Evaluate an Agentic pipeline
End-to-end guide to evaluating multi-step agentic workflows in Deepchecks - from configuring deployments and generating test data, through automated simulation, to component-level evaluation and root-cause analysis.
Modern AI applications increasingly rely on agentic and multi-agent workflows - systems that reason, plan, delegate, call tools, and interact across multiple steps before producing an output. These workflows are powerful, but they also introduce complexity: where did the reasoning go wrong? Why did the agent pick this tool? Was the plan efficient? Which branch of the workflow created the failure?
Deepchecks provides a full suite of capabilities designed specifically for this: Know Your Agent (KYA), an end-to-end testing and evaluation pipeline that takes you from a deployed agent to a full diagnostic report.
The KYA Flow
The flow consists of the following stages:
- Deployment Configuration - Connect your agent's endpoint and configure execution settings
- Dataset Generation - Generate diverse test scenarios with AI, or curate them manually
- Simulation Execution - Run the dataset against your agent via the UI or SDK
- Logging & Instrumentation - Automatically capture every span, tool call, and LLM invocation via OpenTelemetry
- Agentic Evaluation - Score each component with built-in and custom properties
- Root-Cause Analysis - Pinpoint failing components and get categorized failure modes with actionable fixes
The sections below start with evaluation and analysis - the core of what makes KYA powerful - then walk through the setup and execution steps that feed into them.
Agentic Evaluation
Once your agent's execution data is logged - either through Auto-Instrumentation for supported frameworks (LangGraph, CrewAI, Google ADK, LangChain) or manually via Upload Agentic Data with the SDK - Deepchecks automatically evaluates every layer of the agent architecture independently. This is what separates KYA from simple observability: not just seeing what happened, but scoring each component on quality and operational metrics.
The Overview Dashboard
The overview screen gives you a top-down view of your agent's performance across every component. It displays:
- Overall version score - a single aggregated quality score for the entire version
- Component-level breakdown - individual scores for each agent, tool, LLM, and session-level metrics
- System metrics - cost, latency, and token usage aggregated per component
You can view these metrics at different levels of granularity. At the full version level, you see averages across all interactions. You can also filter by specific span names - for example, comparing your "Planning Agent" against your "Execution Agent" - to immediately identify which component is underperforming.
This multi-level view makes it possible to go from a high-level version score to the exact component dragging performance down, in a single screen.
Sub-Component Analysis
From the overview, you can drill into any individual agent to see its sub-components in isolation. For example, clicking into a search agent would show its child tool executions and LLM calls - with scores and system metrics scoped only to that agent, not the entire version.
This scoping is what makes the analysis actionable. If your application has hundreds of LLM calls across multiple agents, you need to know which calls belong to which agent. Deepchecks tracks these relationships automatically, so when you analyze a specific agent's LLM performance, you're looking only at its calls - not noise from the rest of the system.
The system metrics view also catches operational anomalies that quality metrics alone would miss, such as a trace with abnormally high latency (suggesting a tool-calling loop) or zero input tokens (indicating the LLM was never invoked).

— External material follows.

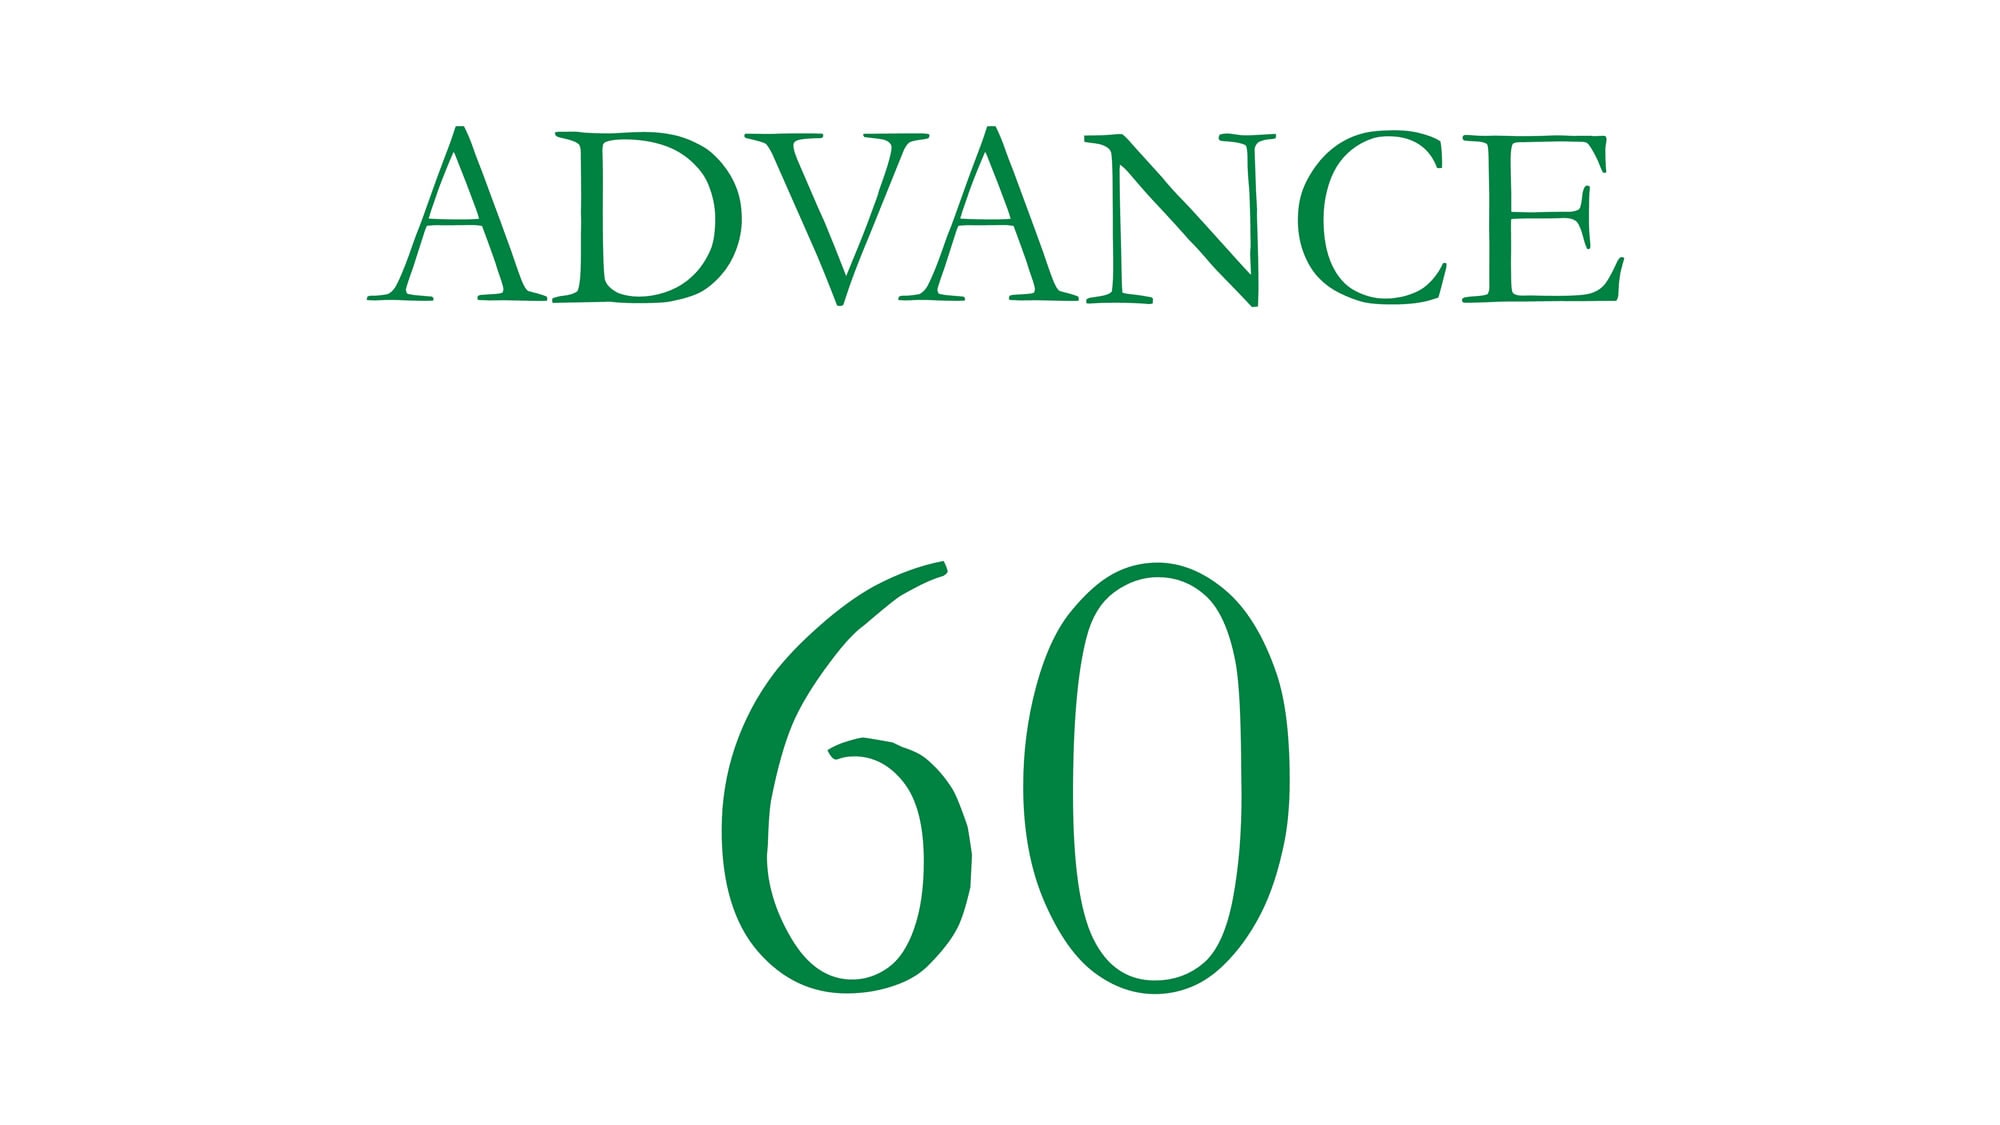 ADVANCE60

Inspection of the Coordinator's sub-agents, tools and LLM calls
Span-Level and Session-Level Evaluation
Drilling into any session reveals the full trace hierarchy - for example, a coordinator delegates to a sub-agent, which calls its LLM, invokes tools, processes results, and returns. Each span is independently evaluated on:
- Quality metrics (Properties) - Instruction Following, Reasoning Integrity, Tool Coverage, and more - each with natural-language reasoning, not just a number
- System metrics - latency, token count, and cost per span
If any score falls below a configurable threshold, the span is automatically flagged - no manual review needed.
Deepchecks also evaluates at the session level. A metric like Intent Fulfillment looks at the entire multi-turn conversation holistically. In many cases, individual spans score fine - but the session-level metric catches that the agent never actually delivered on the user's request. Span-level and session-level evaluation together surface problems that either one alone would miss.

Single LLM call system metrics and properties
Built-In Agentic Properties
Deepchecks provides built-in properties designed specifically for evaluating Agent, Tool, and LLM interactions at the span (interaction) level:
| Interaction Type | Property | Description |
|---|---|---|
| Agent | Plan Efficiency | Scores 1-5 how well the agent's execution aligns with its stated plan. Evaluates whether the agent built a clear plan, carried it out correctly, and adapted when needed. |
| Agent | Tool Coverage | Scores 1-5 how well the set of tool responses covers the overall goal. Reflects whether the evidence gathered is sufficient to fulfill the agent's main query. |
| Agent | Tool Abuse | Scores 1-5 whether the agent used each tool and sub-agent efficiently. Evaluates redundancy, error adaptation, and progress between invocations. |
| Agent | Instruction Following | Scores 1-5 how well the agent adheres to all instructions, including system messages and user inputs. |
| Tool | Tool Completeness | Scores 1-5 how fully a single tool's output fulfills its intended purpose. |
| LLM | Instruction Following | Same as the Agent property, evaluated at the LLM call level. |
| LLM | Reasoning Integrity | Scores 1-5 how well the LLM reasons in a single step - context understanding, decision-making (tool choice), and logical consistency. |

Example of a Planning Efficiency score and reasoning on an Agent span
These complement Deepchecks' general built-in properties, and you can also define custom prompt properties tailored to your specific agent.
Advanced Controls
Mapping Spans to Custom Interaction Types - If your system has custom steps that don't fit the default categories (e.g., a "Planning" agent and an "Executing" agent that should be evaluated differently), Deepchecks lets you map spans to custom interaction types. This updates the configuration immediately, enabling different properties, auto-annotation rules, and displays for each type. See the step-by-step guide.
Custom Prompt Properties Using Descendant Data - Agent and Root spans may need access to the data of their child spans - tool inputs, LLM outputs, retriever documents, etc. Deepchecks allows prompt properties to access all descendant spans, enabling root-level metrics and cross-span calculations.
Root-Cause Analysis
Knowing which component is failing is the first step. Root-cause analysis answers why, and gives you actionable next steps.
One-Click Failure Mode Analysis
With an underperforming component identified, click the "Analyze Failure Modes" button on the Overview screen.
Failure mode analysis can be performed on any level - from the entire version, through a specific agent, down to a specific tool used by an agent. Within seconds Deepchecks generates a structured report with:
- Categorized failure patterns - e.g., "Incomplete Retrieval", "Tool Misuse", "Inefficient Planning"
- Concrete failing examples from your data, with click-through to the exact span
- Actionable recommendations - specific suggestions derived from the actual failure patterns (e.g., tightening the agent's role description or adjusting search query formulation)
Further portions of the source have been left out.